Rf values in TLC indicate the ratio of the distance moved by each substance to the distance moved by the eluent front. Rf values for TLC are measured on 5 x 10 cm TLC plates, F254 silica gel, Merck, Darmstadt, Germany; The solvent systems are marked in the examples as follows:

* 10% methanol / 90% methylene chloride ** 5% methanol / 95% methylene chloride

If not otherwise indicated, analytical HPLC conditions are as follows:

Column: Column Engineering, Inc., Matrix, 3 pm C18150 χ 4.6 mm (Lot # 205)

UV absorption detection at 215 and 254 nm. Column temperature is 35 ° C and retention times (tR) are given in minutes. Flow rate: 1 mL / min.

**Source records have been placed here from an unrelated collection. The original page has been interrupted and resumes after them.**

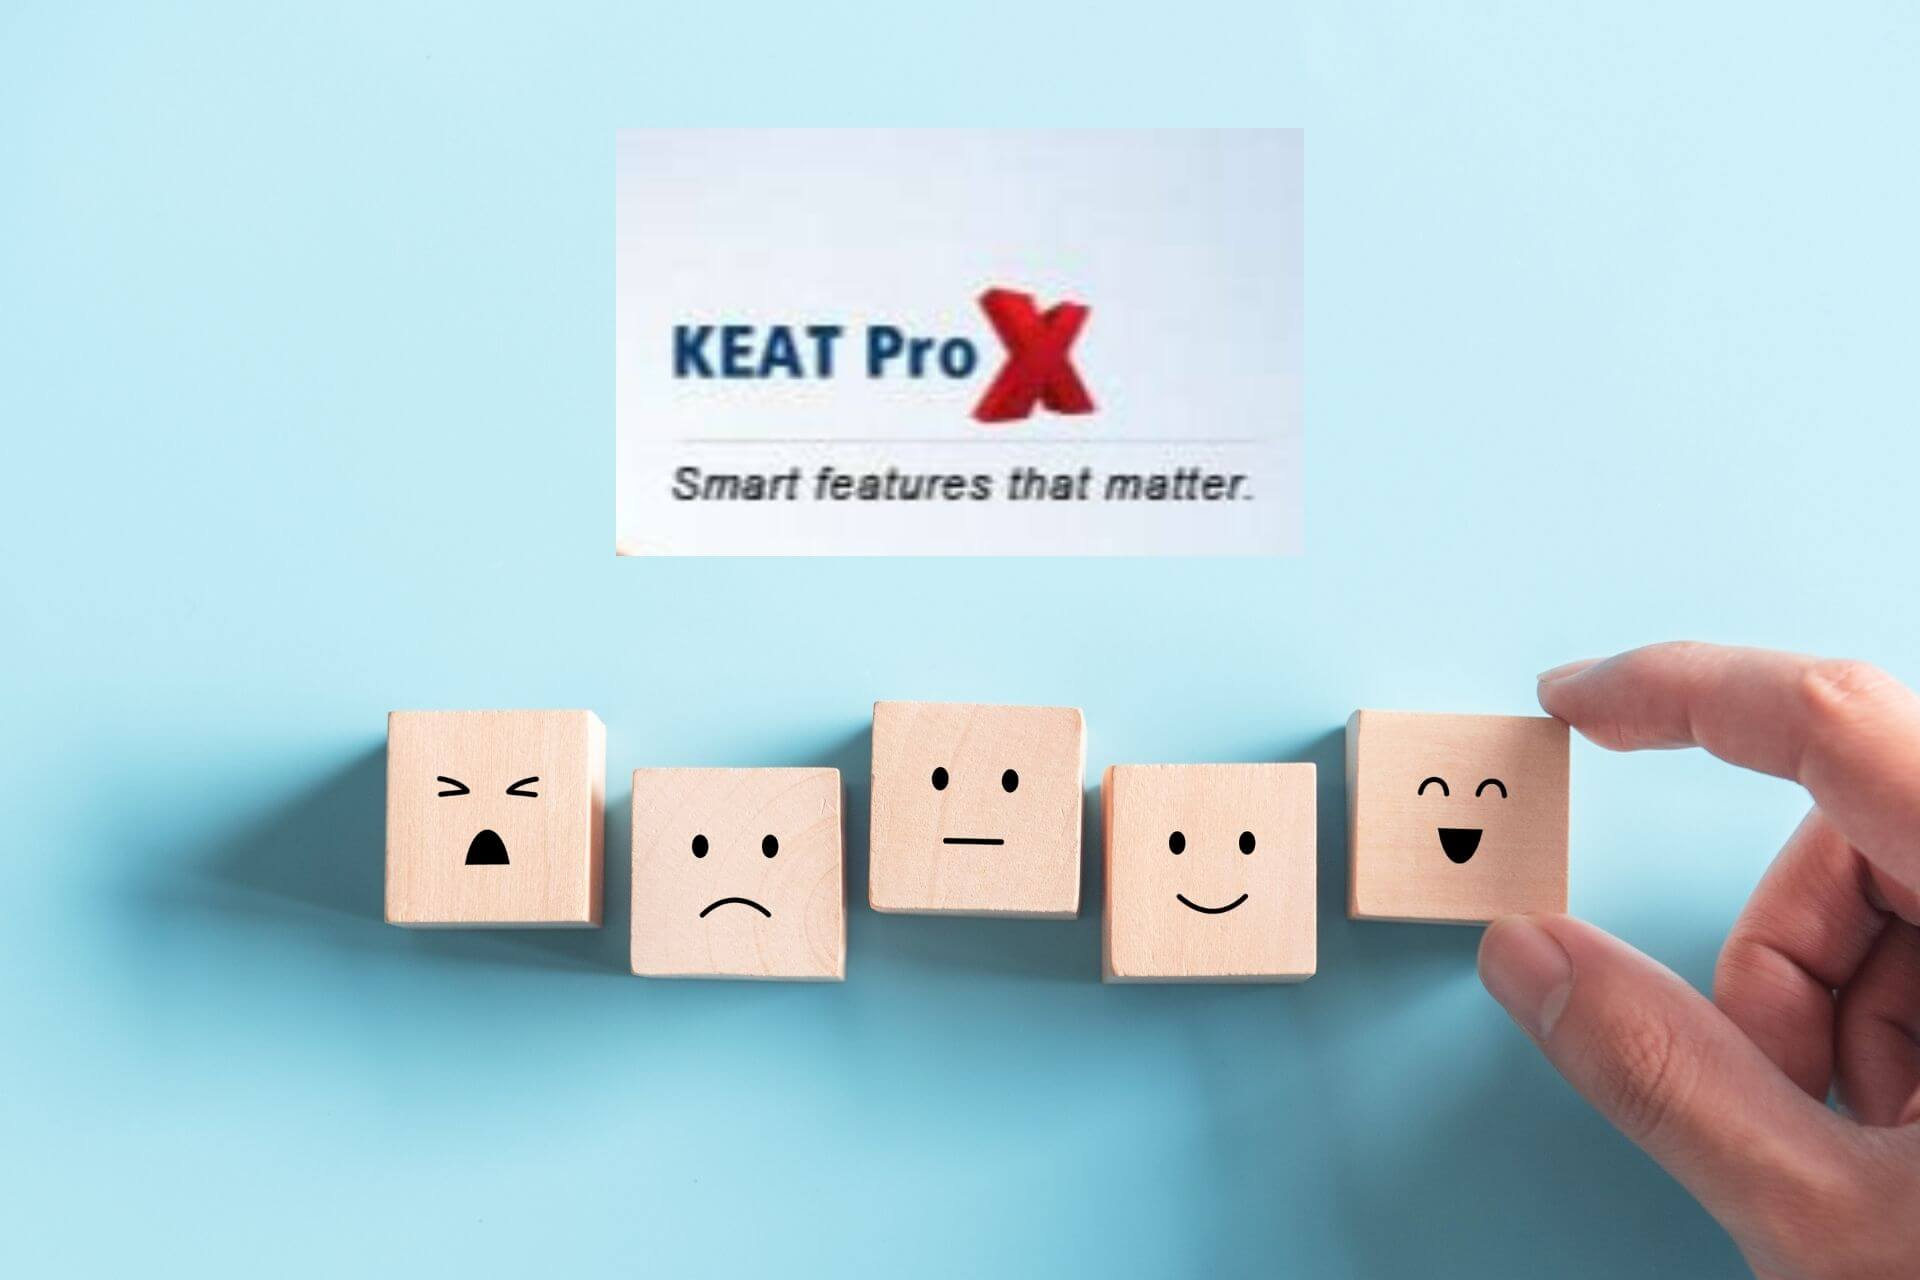 Kotak KEAT Pro X Review 2021 – Features, Setup Process & Benefits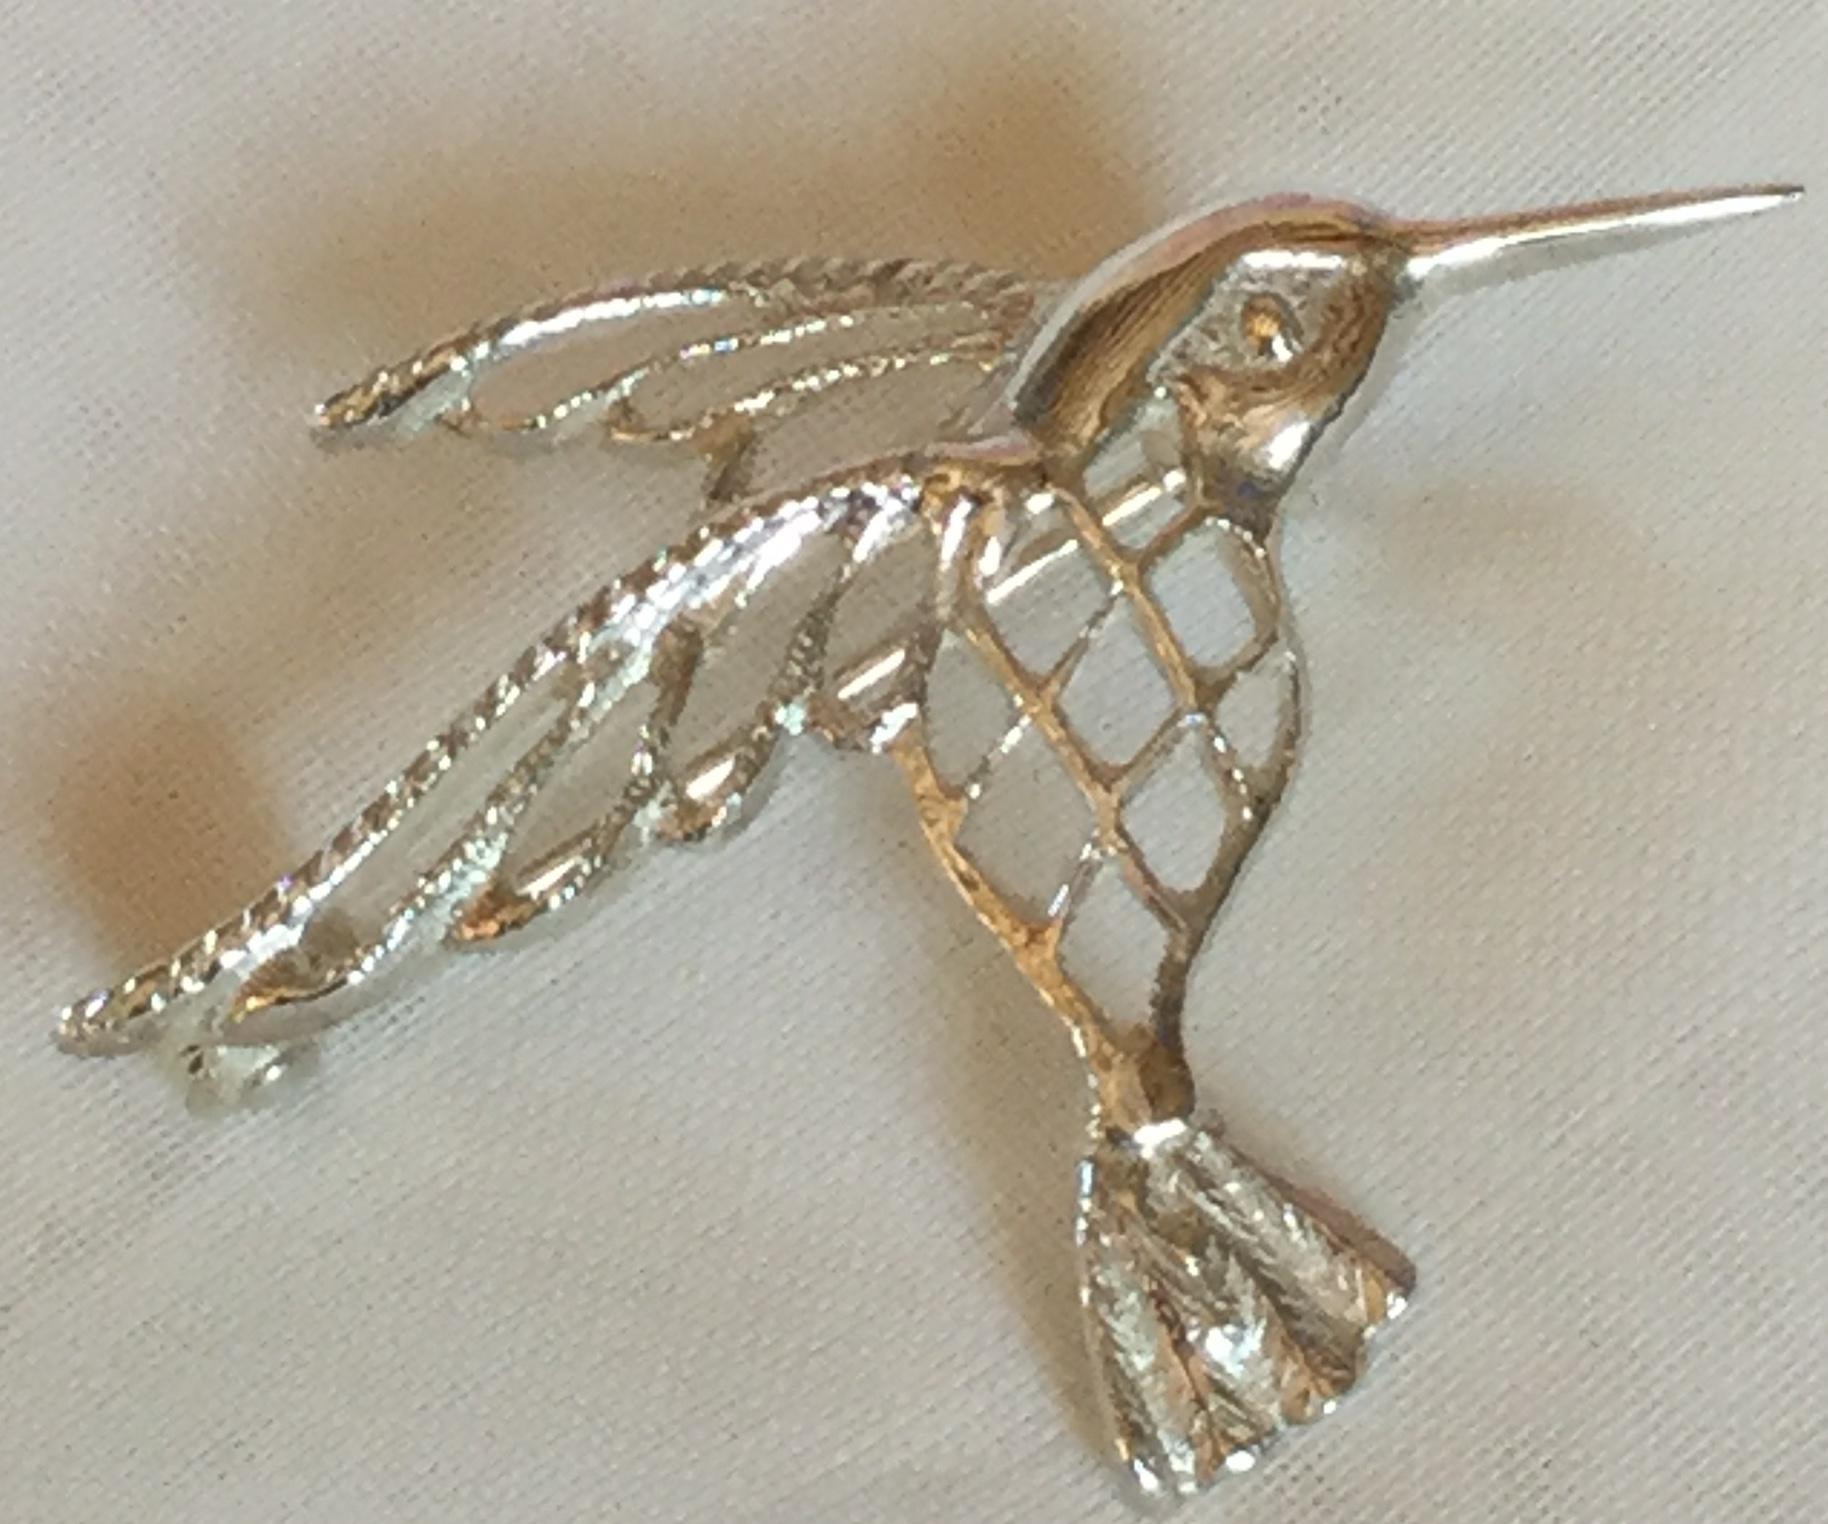 Lot 7 - Maltese Vintage Bird Brooch 4.10 g Silver 4 Cm x 3 Cm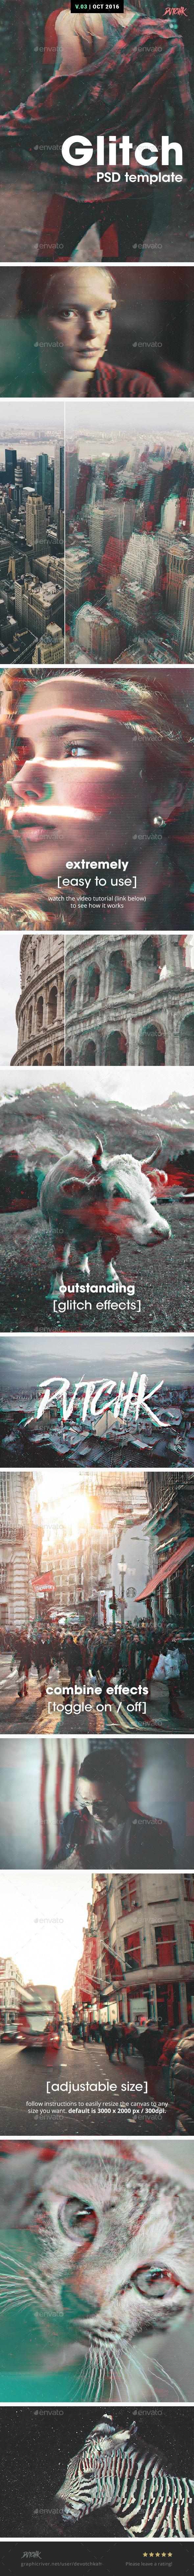 Glitch Photoshop Photo Template - Tech / Futuristic Photo Templates

Gradient: water (0.1% TFA) / acetonitrile (0.1% TFA) = 98/2 for 1 min. to 100% acetonitrile (0.1% TFA) in 10 min. Remains 100% for 2 min (total execution time: 13 min.) Abbreviations:

HPLC high performance liquid chromatography

Isolute Isolute® HM-N by International Solvent Technology

min minute (s)

ml milliliter (s)

MS-ES Electrospray Mass Spectrometry

Rf ratio of fronts in TLC

RT room temperature

TFA trifluoroacetic acid

TLC thin layer chromatography

tR retention time

UV Ultraviolet Starting Materials

General procedure for the synthesis of aniline building blocks (illustrated with the formula and educts for N- (3-amino-4-methylphenyl) -3-trifluoromethylbenzamide):

N- (3-amino-4-methylmethyl)

phenyl) -3-trifluoromethyl- (A) (B) (C)

benzamide

The compound shown above left, N- (3-amino-4-methylphenyl) -3-trifluoromethyl benzamide, is obtained by hydrogenation of the corresponding nitro compound N- (4-methyl-3-nitro-phenyl) -3 -trifluoromethyl benzamide (A) with Raney Nickel in methanol at RT. The product is obtained in high yield. Intermediate (A) is obtained by reaction of N- (4-methyl-3-nitro-phenylamine (B) and 3-trifluoromethyl-benzoyl chloride (C) in methylene chloride at RT using triethylamine. A) is obtained in good yield Similar and different anilines have been described above (eg CAS No. 30069-31-9) For bonding, preferably the corresponding acid chlorides are used.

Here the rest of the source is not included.